Steve told me this restoration was a challenge for him. Even though he had restored quite a few Silk City Diners, all of those previous diners had porcelain enameled steel panels and not the stainless steel panels that these slightly newer models had. To assist in the restoration he traveled to Meriden, CT and took numerous photos of  the former New Palace Diner now operating as Cassidy’s Diner, which was a similar model. The photos helped him replicate the stainless steel panels that he then had to figure out how to install properly. The restoration of this was completed in 2010 and Steve was justifiably proud of the outcome. The diner was then moved to Ottawa, Ohio where Kaplanow, a German national had some property. He opened the establishment as the Hometown Diner.

Front elevation of the Hometown Diner after installation in Ottawa, OH
photo courtesy of Steve Harwin & Diversified Diners

Side elevation of the Hometown Diner after installation in Ottawa, OH
This shows the kitchen and dining room addition with matching stainless
steel facade. photo courtesy of Steve Harwin & Diversified Diners

Interior view of the Hometown Diner after installation in Ottawa, OH
photo courtesy of Steve Harwin & Diversified Diners

Unfortunately, Matt Kaplanow was under the mistaken impression that he could run the diner from his home in Germany. This arrangement did not work out and the diner was closed in 2012. Around this same time ironically  I received an email from Evie Goodspeed, (on July 10, 2012 to be exact). Evie works for Tim Halliday, the owner of 202 Truck & Equipment located in Rindge, NH. She told me in this email that they had been looking for the past year for a Diner for sale and have not had much luck. In Evie’s email to me, she basically wanted to know if I was aware of any diners in the Northeast that might be for sale. She went on to say…. we have the ability to move a diner ourselves. Any info you might have would be great.

I got back to Evie and suggested she get in touch with Dave Pritchard of Salisbury, Mass. who had 2 or 3 diners possibly for sale. She immediately answered that they had known about Dave and already checked out what diners he had, basically deciding the diners did not meet their requirements. I also told Evie about Steve Harwin and she immediately said that they had actually been in contact with Steve but communication was moving very slowly. In fact Steve ultimately told them he did not have a diner at that point in time available for sale.
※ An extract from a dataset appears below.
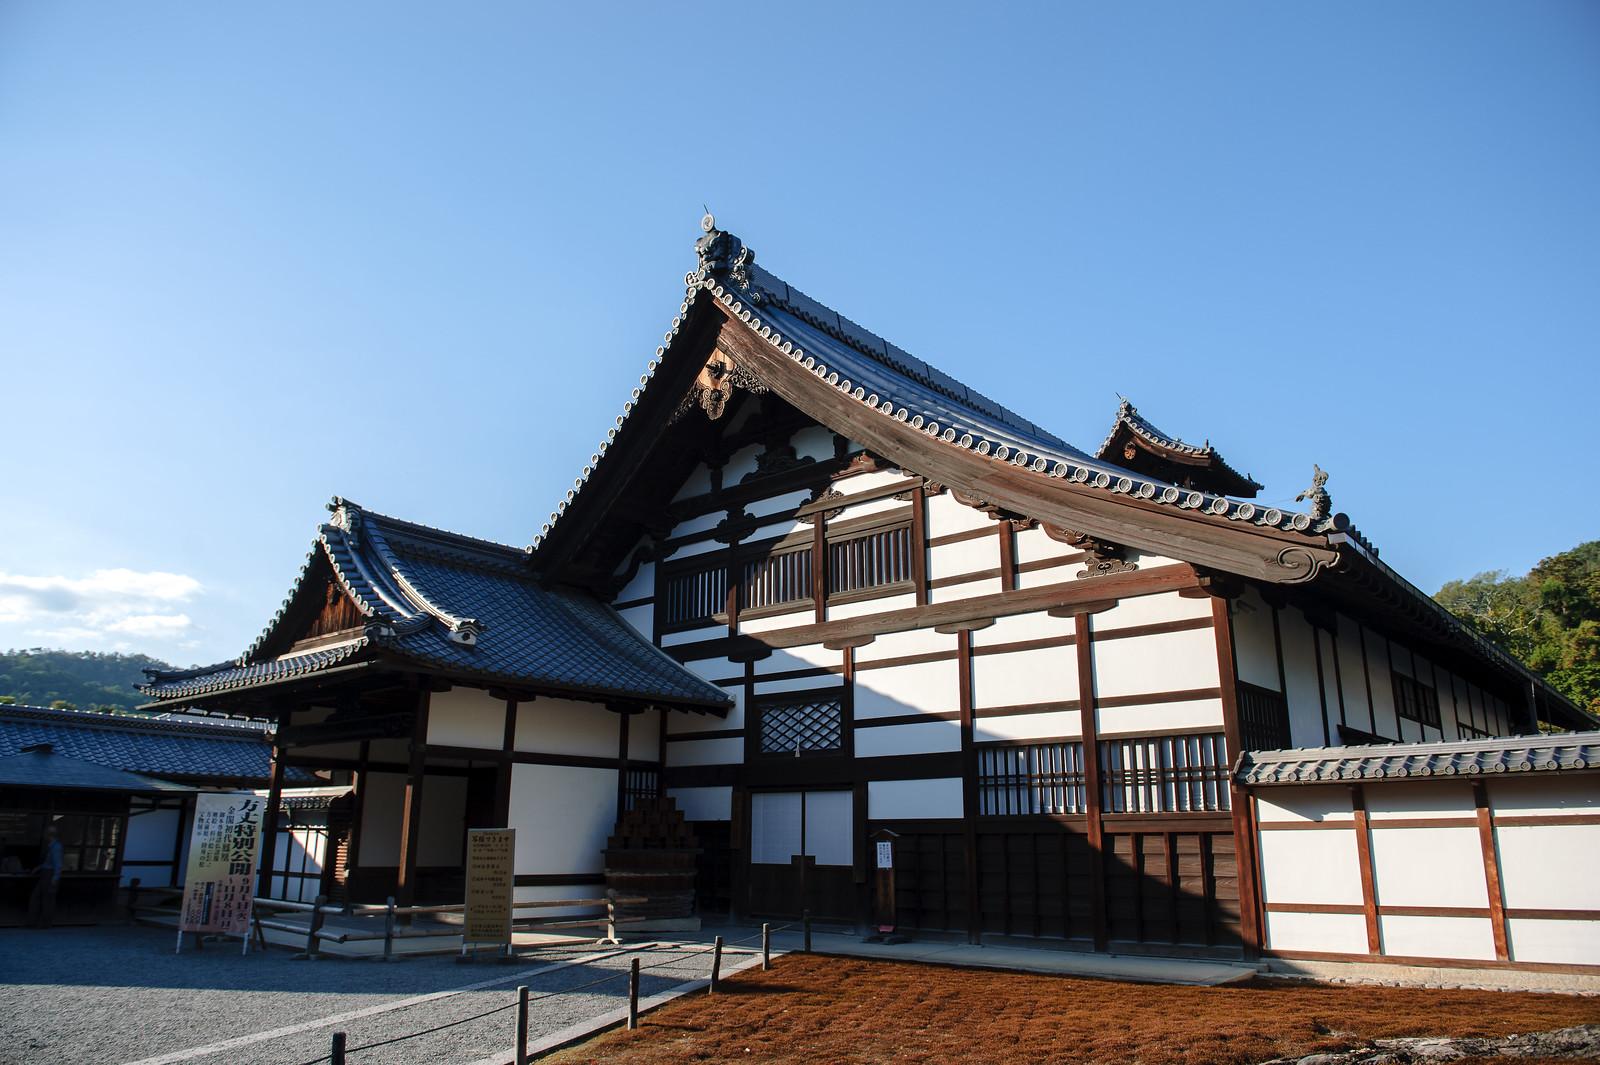 2015VQ@Kyoto-187

So I then mentioned the former Forbes Diner in New Haven, CT which off the top of my head was the only other one I could think of at that time that was available and ready to move.  I gave her whatever contact info I had for that diner and Tim immediately decided to go down to inspect it the next day, ultimately deciding that that particular diner needed too much work. I did not hear from Evie or Tim again after that. It seems their luck would change not too long after this when Steve Harwin called to let them know of the availability of the closed Hometown Diner.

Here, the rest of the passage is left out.